Grippe aviaire : la préfecture des Hauts-de-Seine prend des mesures de précaution

Publié le
Écrit par Toky Nirhy-Lanto .

Des cas de grippe aviaire ont été recensés chez des oiseaux sauvages en Île-de-France en Essonne, dans le Val-de-Marne et Hauts-de-Seine. Plusieurs arrêtés préfectoraux ont été publiés pour éviter une épizootie.

Claudine élève des poules pondeuses d’œufs. Elle gère avec son mari la ferme de Fitte, à Auvernaux (Essonne). En raison d'un arrêté préfectoral qui touche sa commune, l’éleveuse se voit contrainte d’appliquer certaines règles. "Depuis un moment, mes poules sont enfermées. Nous avons dû les déclarer.
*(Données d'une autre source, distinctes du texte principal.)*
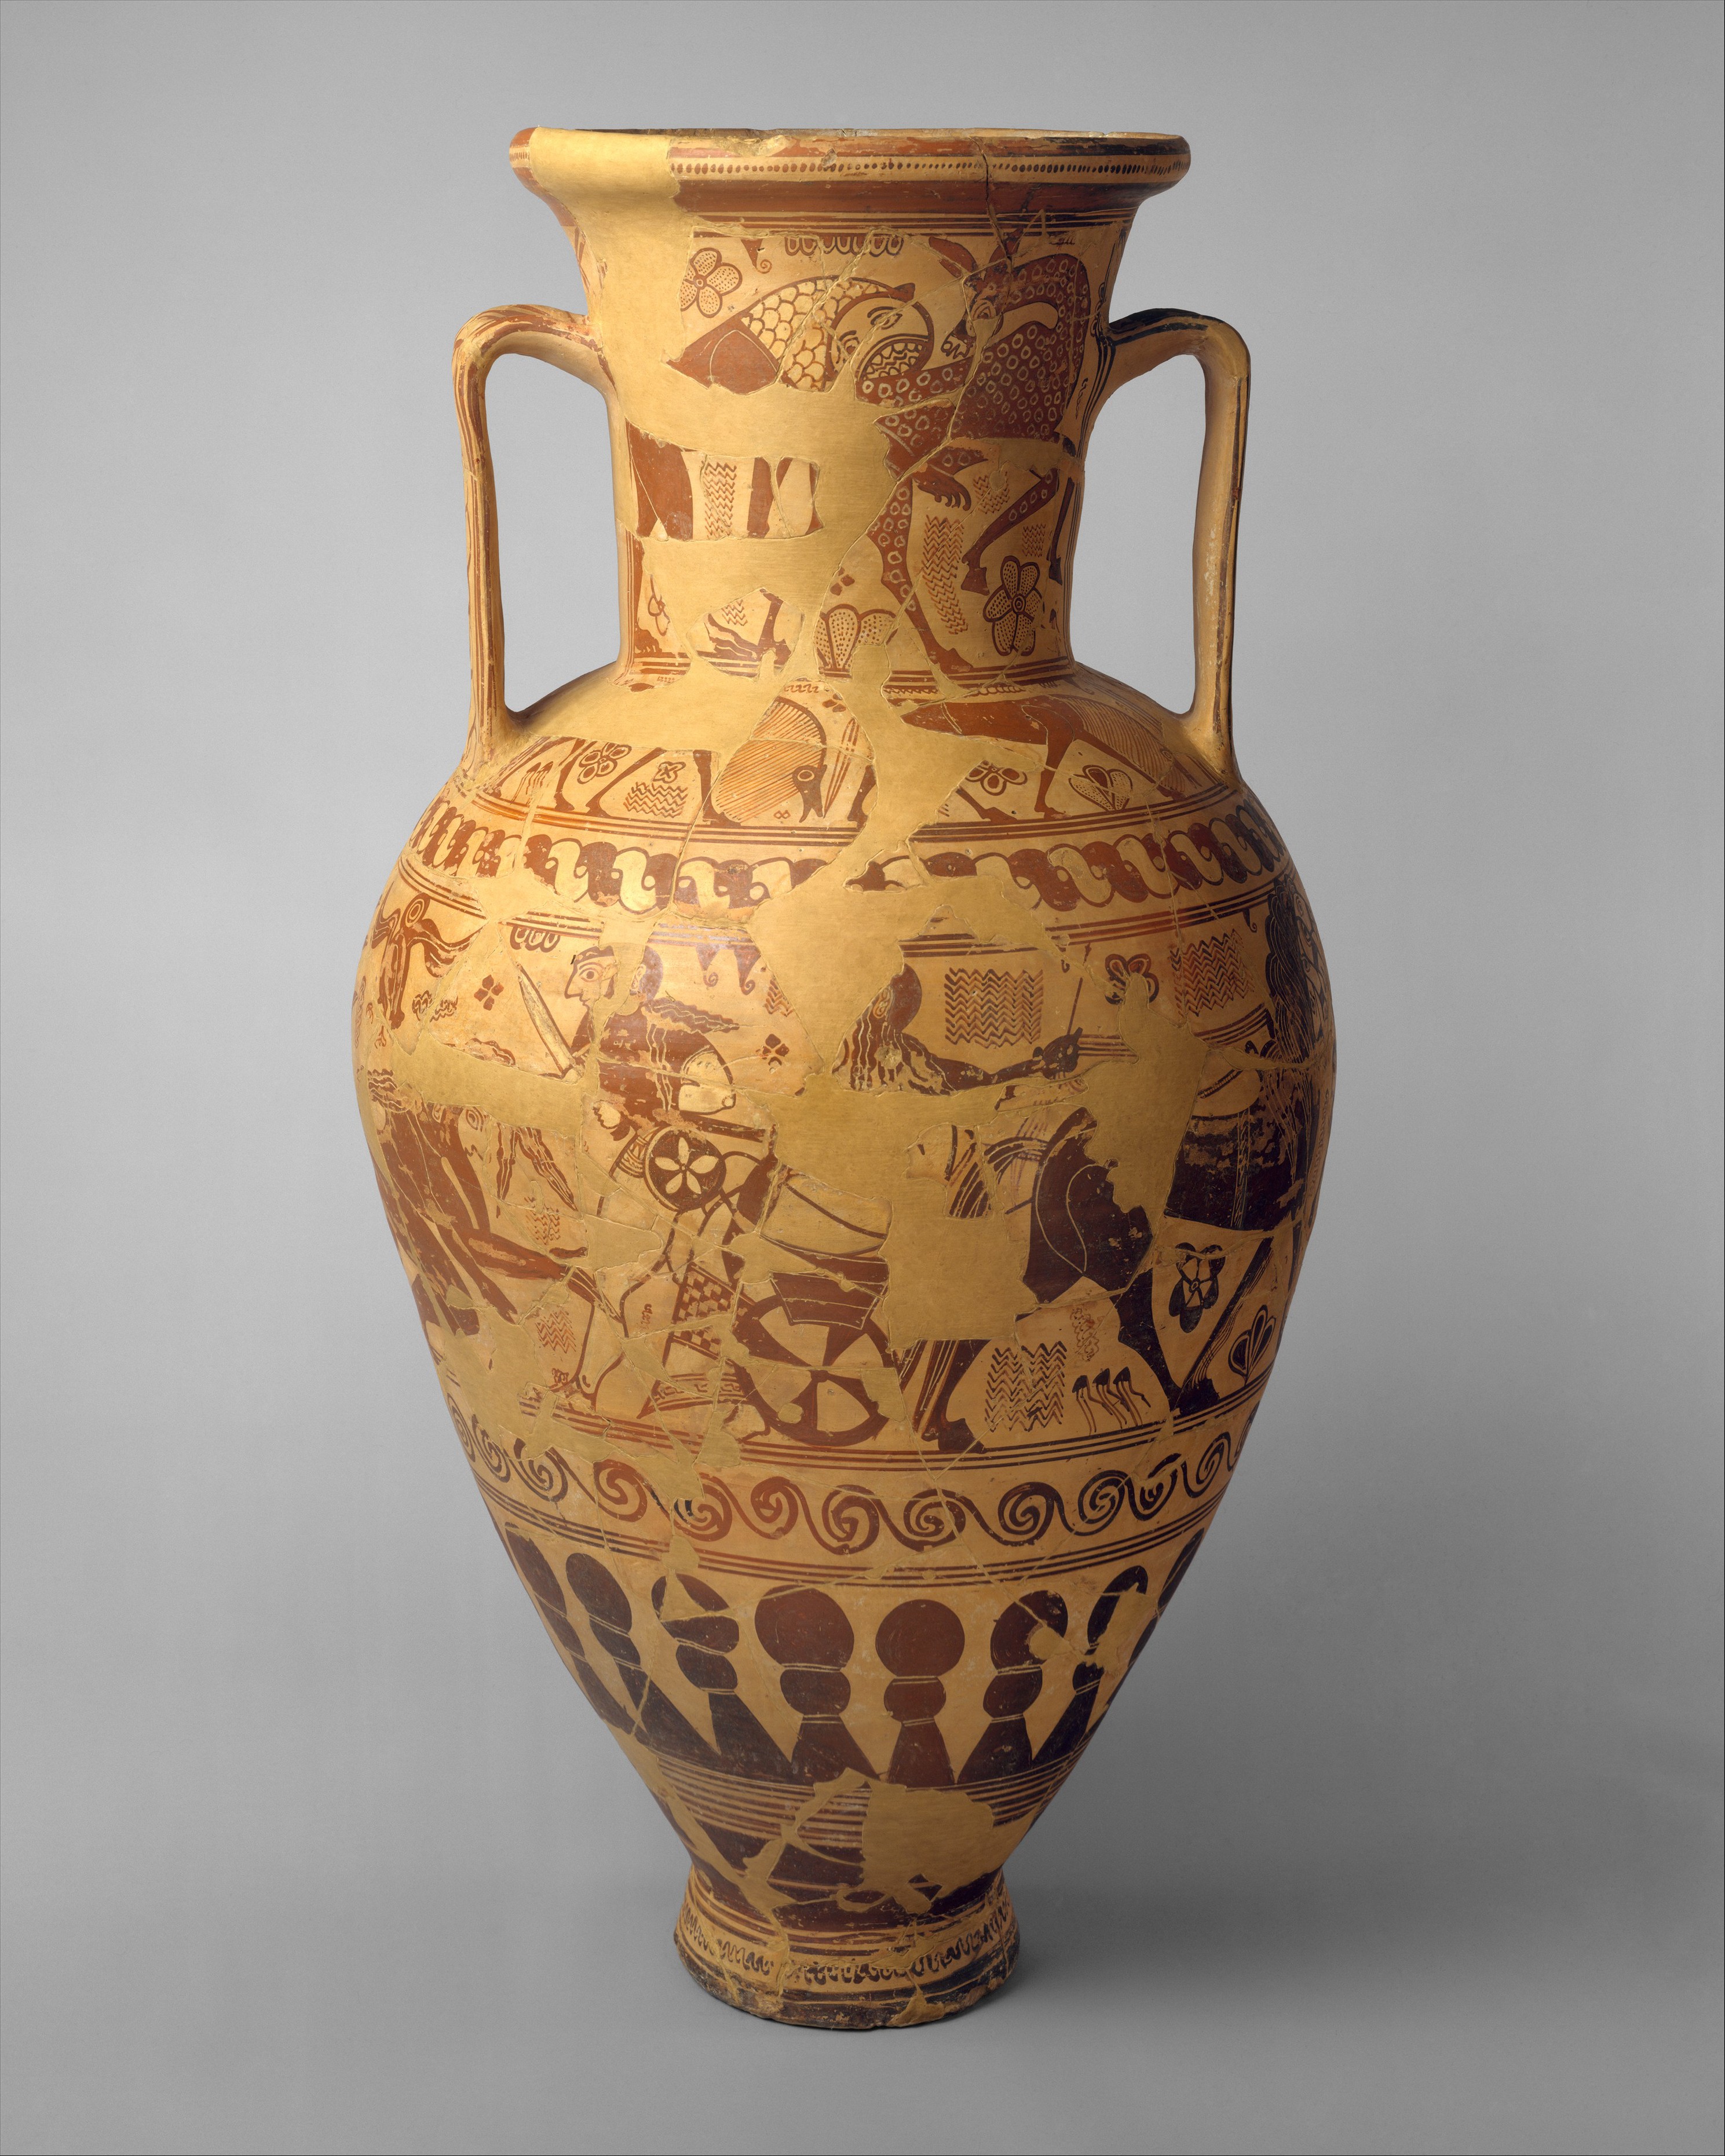 Attributed to the New York Nessos Painter | Terracotta neck-amphora  (storage jar) | Greek, Attic | Proto-Attic | The Metropolitan Museum of Art

La préfecture nous a aussi indiqué de prévenir l’Office français de la biodiversité, si nous constations un oiseau mort dans notre jardin ou dans notre champ", explique l’agricultrice.

Des poules enfermées, déclarées et surveillées

Depuis le 11 janvier dernier, tous les lieux où se trouvent des volailles ou d’autres oiseaux doivent être recensés. De même, les particuliers doivent se déclarer sur un site internet, s’ils accueillent ces animaux. Sans compter les désinfections renforcées et la limitation des déplacements depuis et vers les zones infectées. Douze mesures sont édictées dans cet arrêté de la préfecture des Hauts-de-Seine et qui s’applique notamment en Essonne.

Confinement et surveillance de la faune sauvage

"Il s’agit souvent de mesures de confinement des volailles, pour les élevages professionnels. Il peut aussi y avoir des mesures supplémentaires, pour les particuliers", explique Johanna Van Herrenthals, chef de service à l’Office français de la Biodiversité en Île-de-France. En fonction de la circulation du virus, d’autres séries de règles peuvent s’ajouter.

"Des mesures en lien avec la faune sauvage existent. Lorsqu’il y a une épizootie, la chasse du gibier à plumes comme les canards peut être interdite. Cela, pour éviter que les oiseaux apeurés ne se dispersent, et ne propagent le virus. Les chasseurs se voient interdits de recourir aux "appelants", qui sont des oiseaux en cage servant à appâter leurs proies. Ici encore, il s’agit d’éviter le déplacement d’éventuels animaux infectés", ajoute la responsable de l’agence.